About this exercise
Only the lines from the one that includes "Ladies' skort made" through the last line below belong in the reply, copied exactly and without pictures.

Material provided
##########
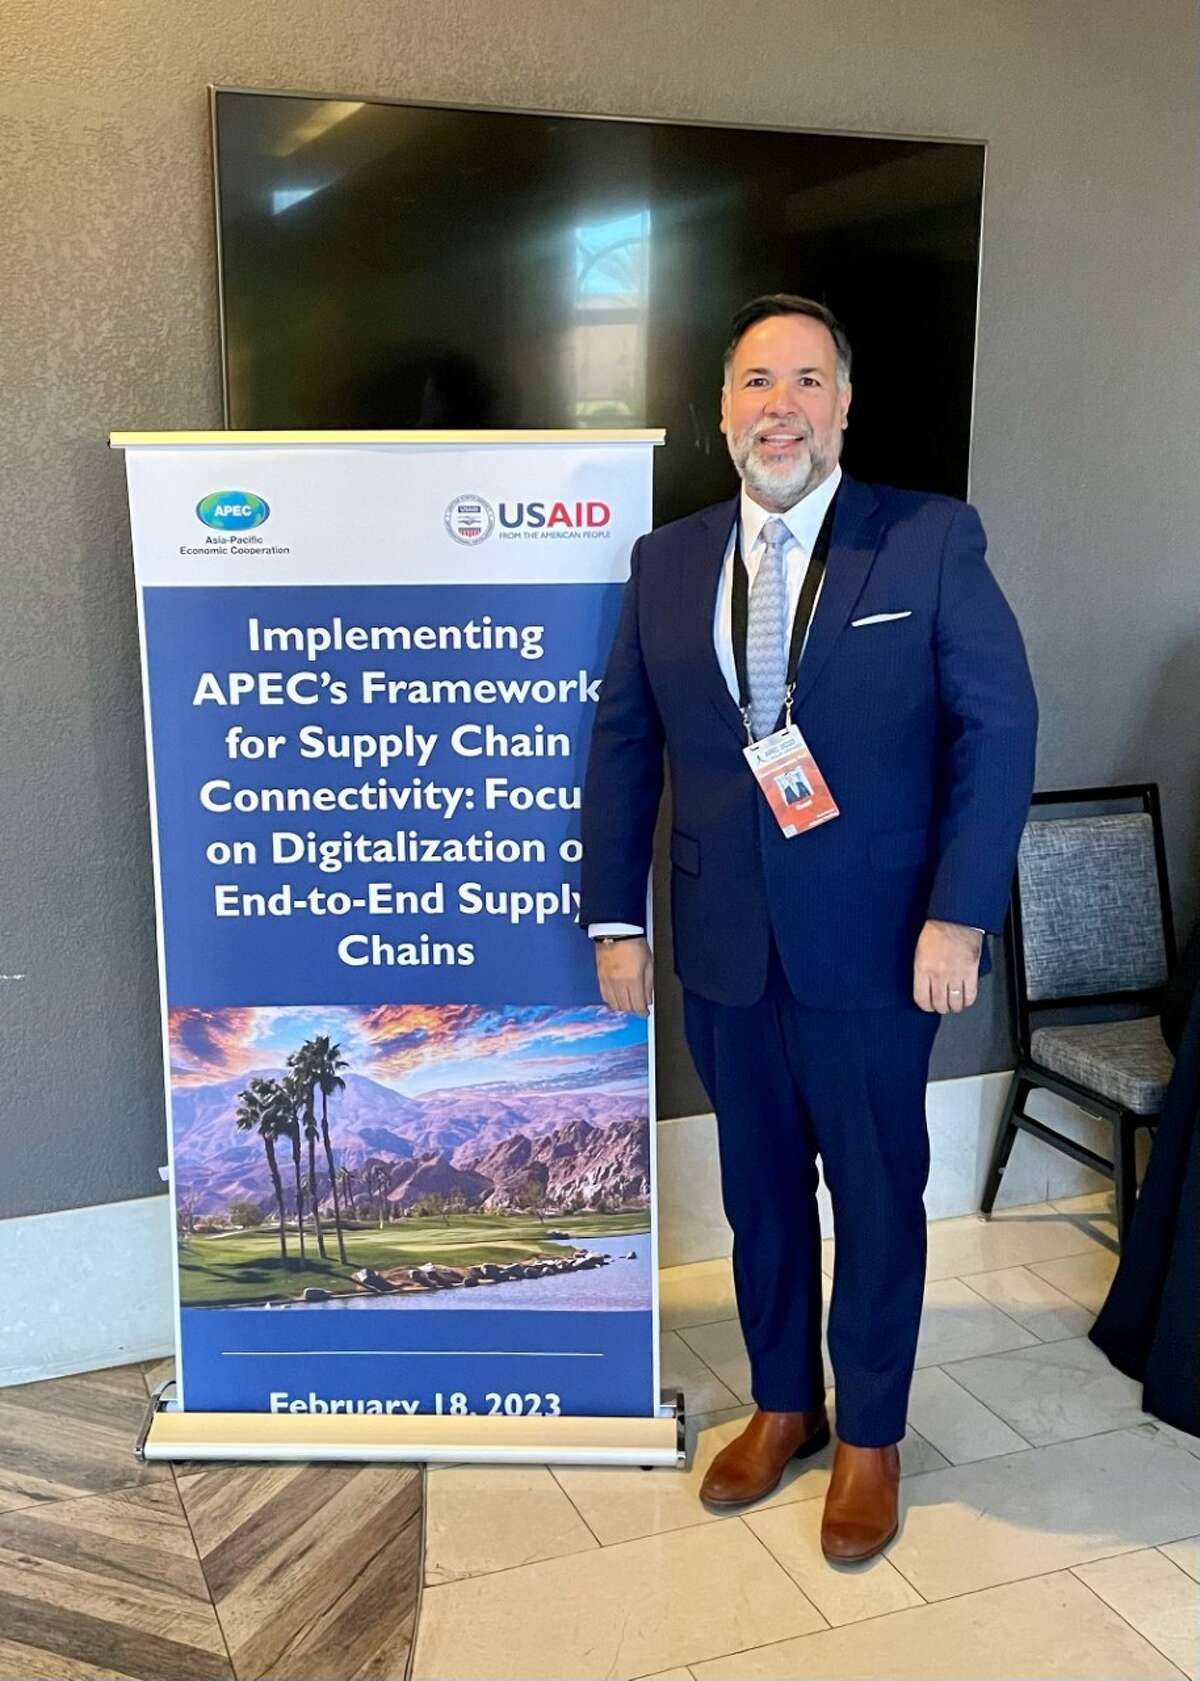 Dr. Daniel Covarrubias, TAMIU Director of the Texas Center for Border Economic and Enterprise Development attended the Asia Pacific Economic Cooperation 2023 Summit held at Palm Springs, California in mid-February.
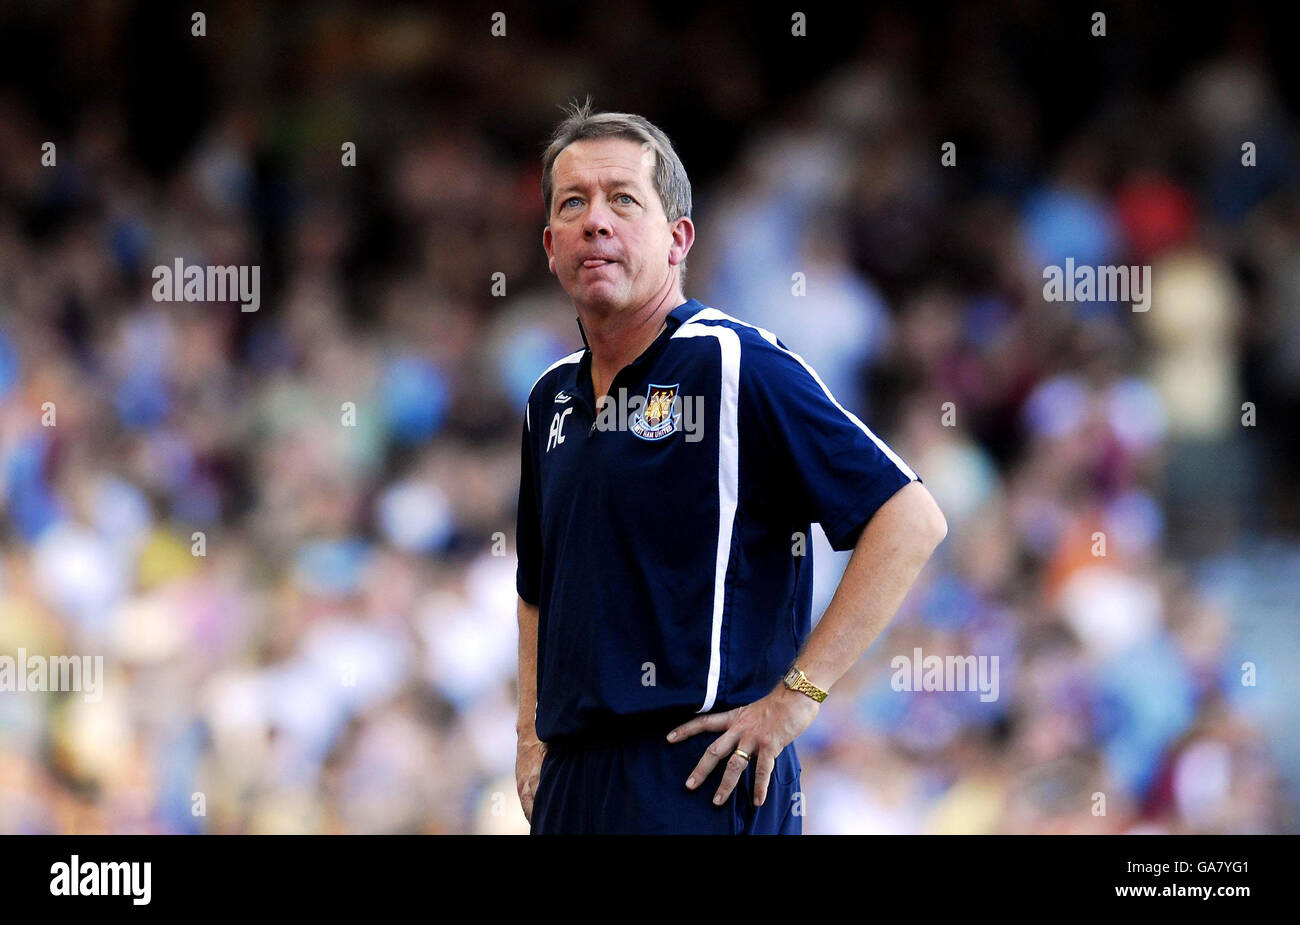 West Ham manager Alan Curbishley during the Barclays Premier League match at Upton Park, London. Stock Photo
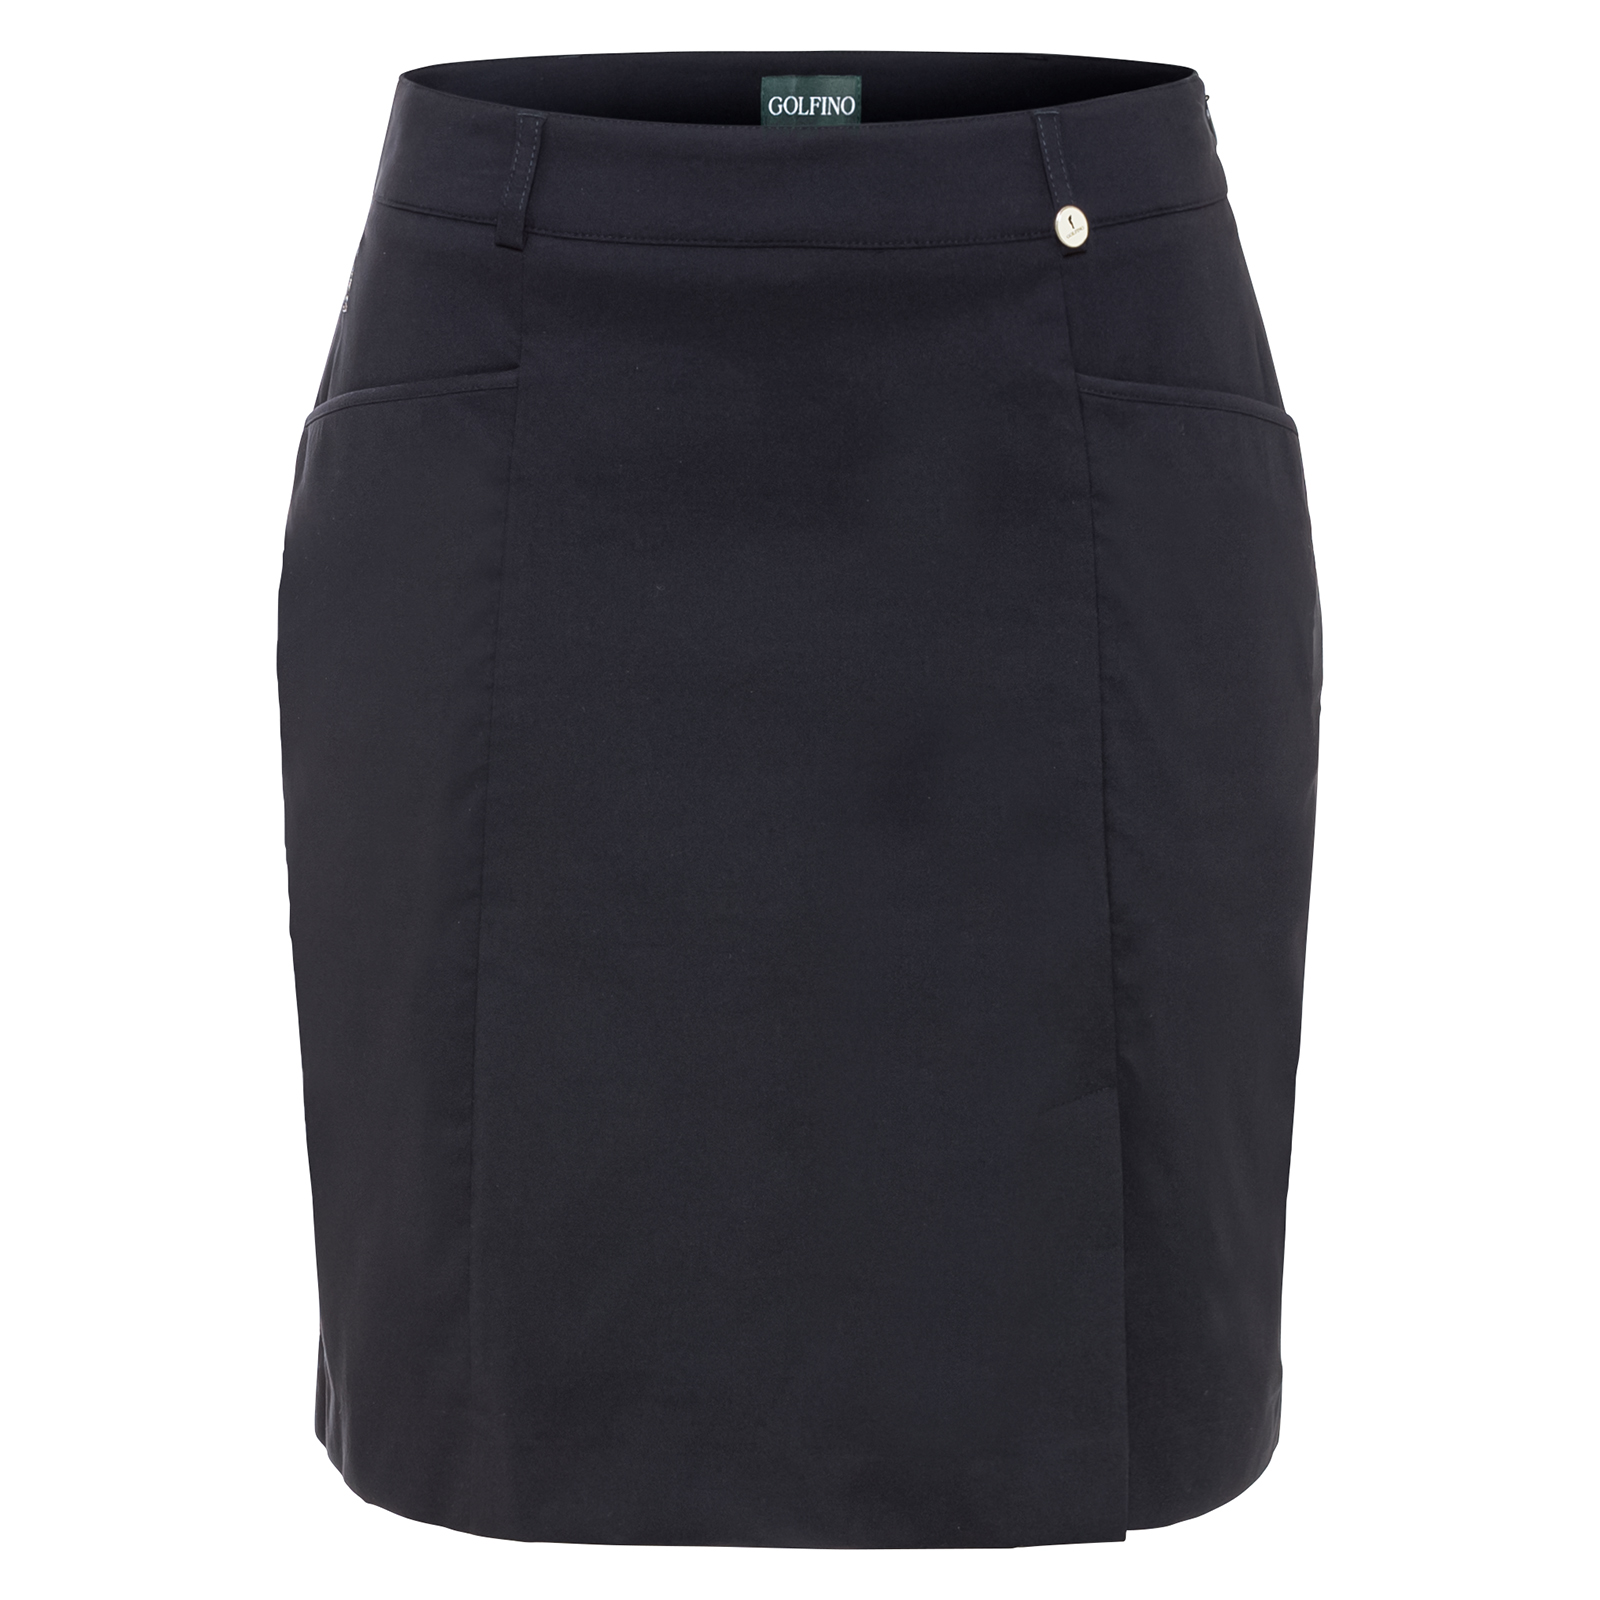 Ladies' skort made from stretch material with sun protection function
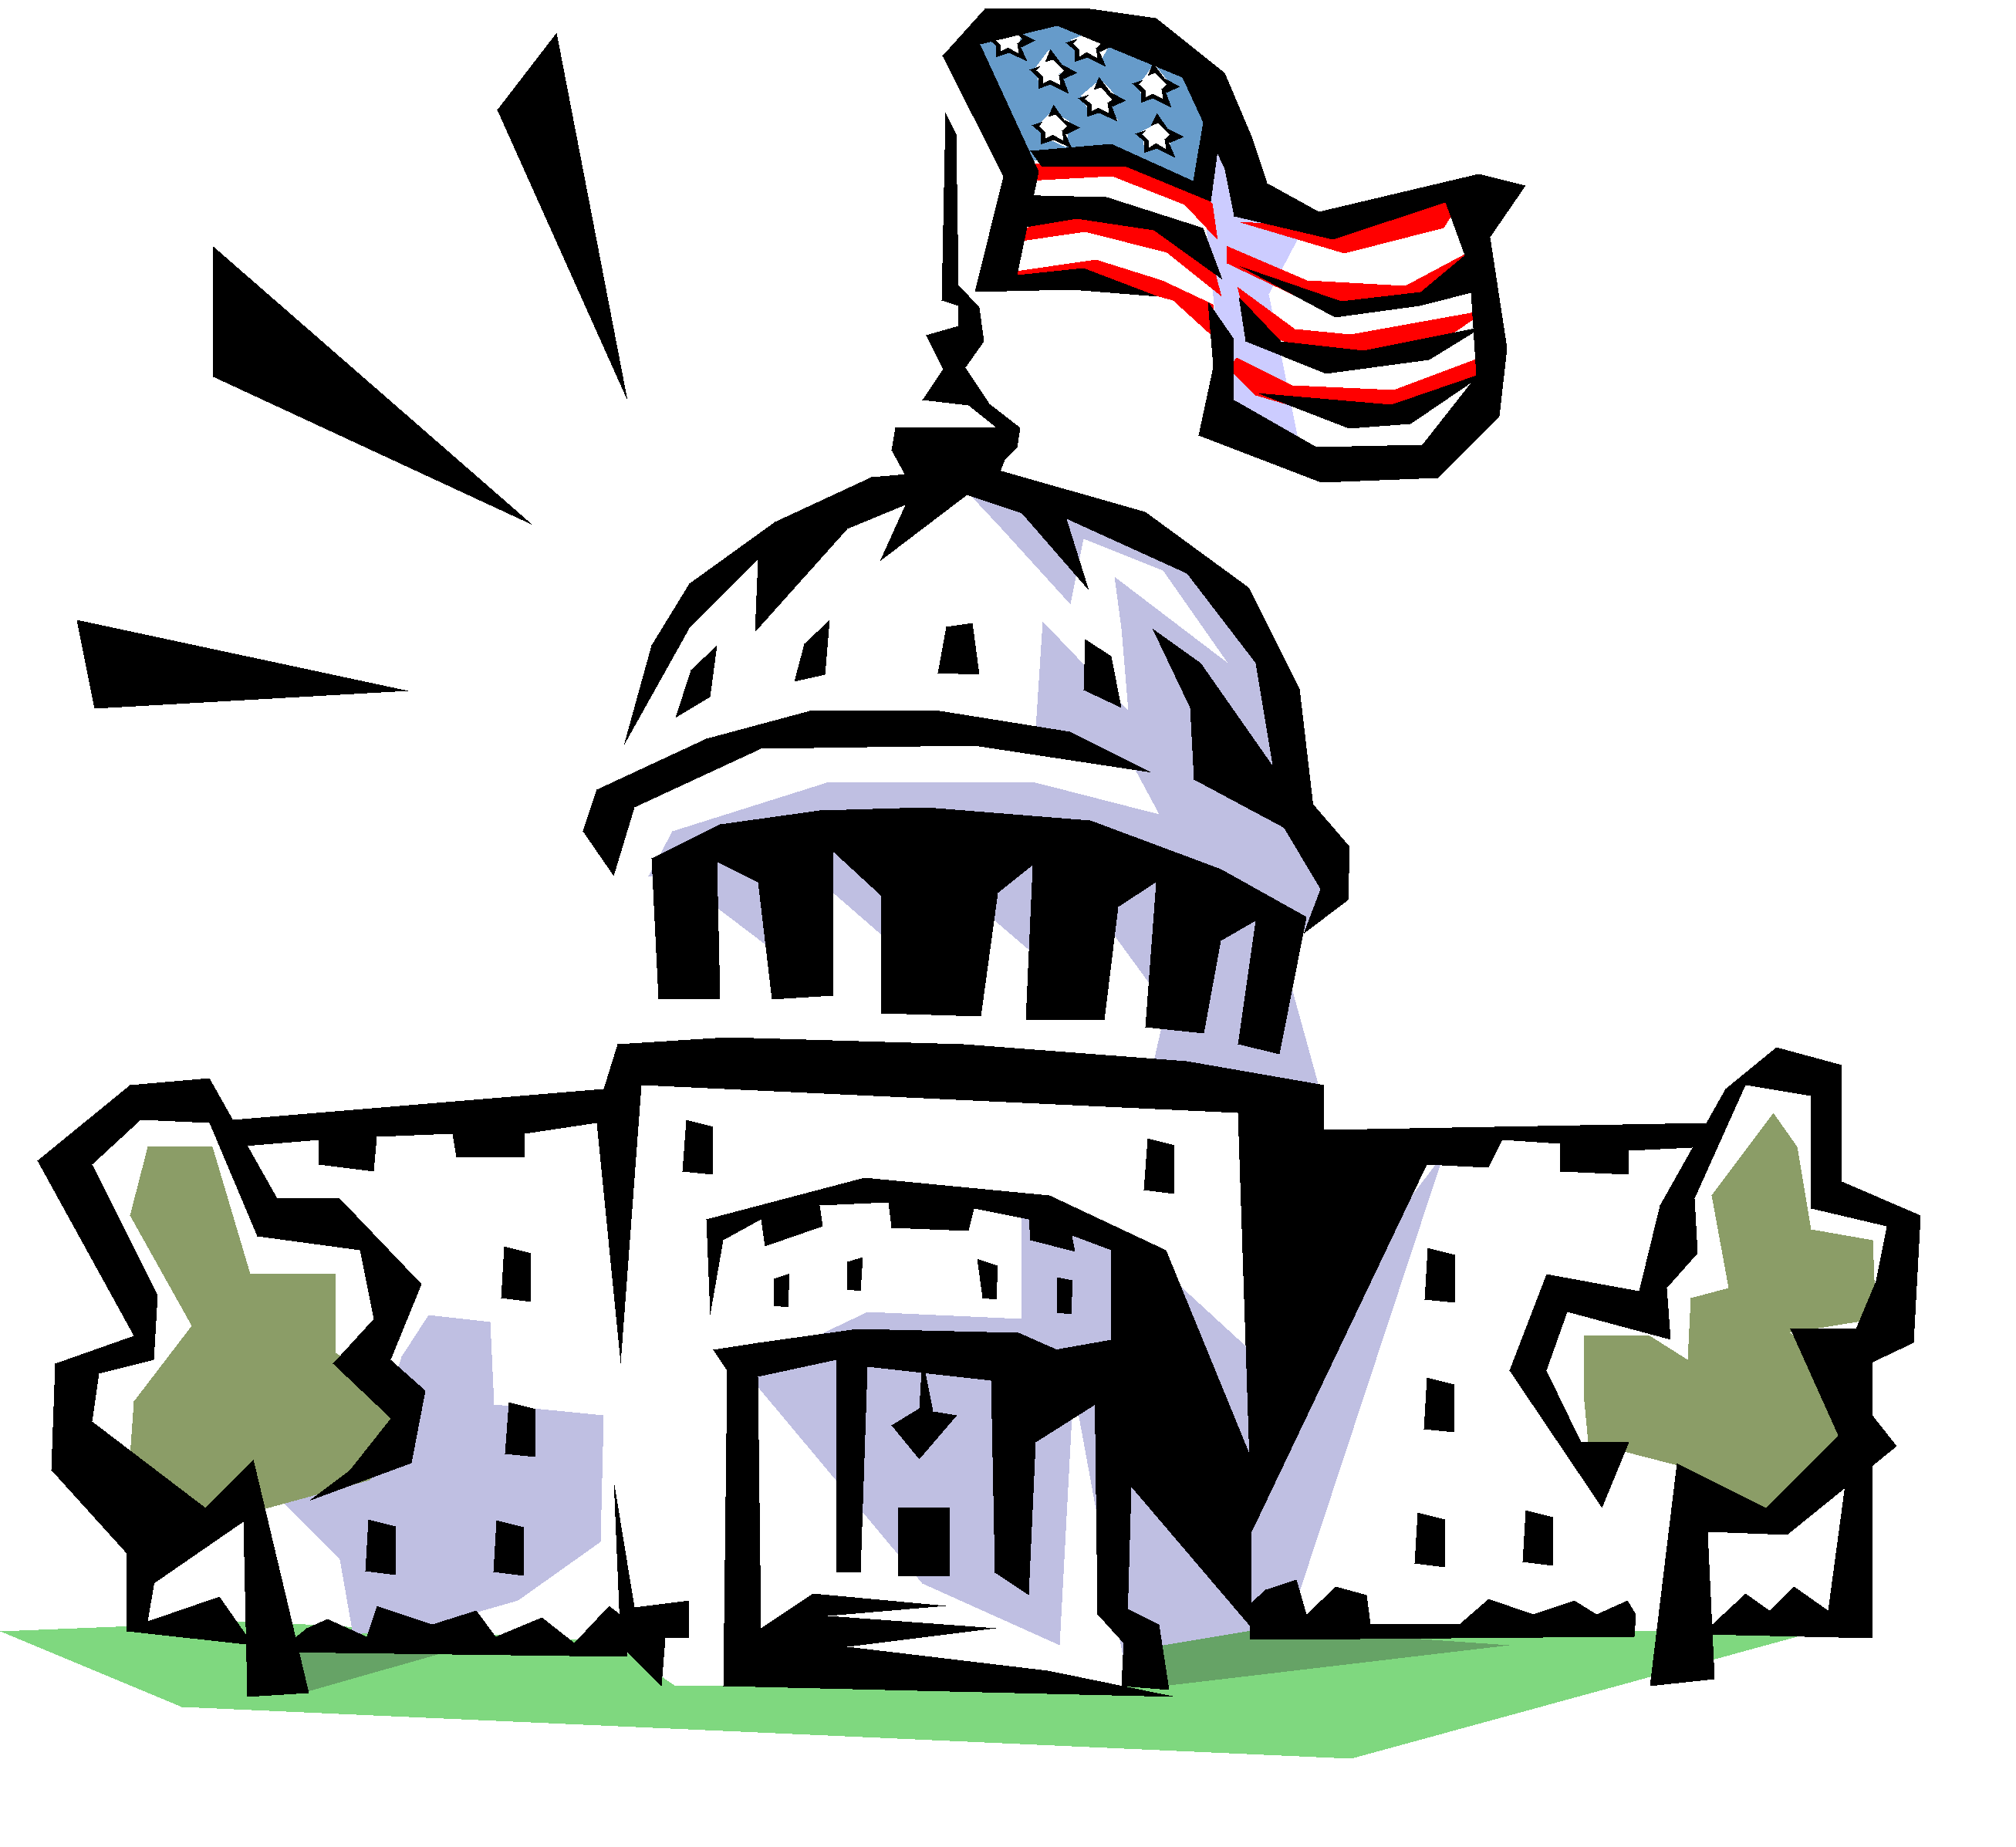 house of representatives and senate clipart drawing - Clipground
##########
Result for this task
 Ladies' skort made from stretch material with sun protection function
 house of representatives and senate clipart drawing - Clipground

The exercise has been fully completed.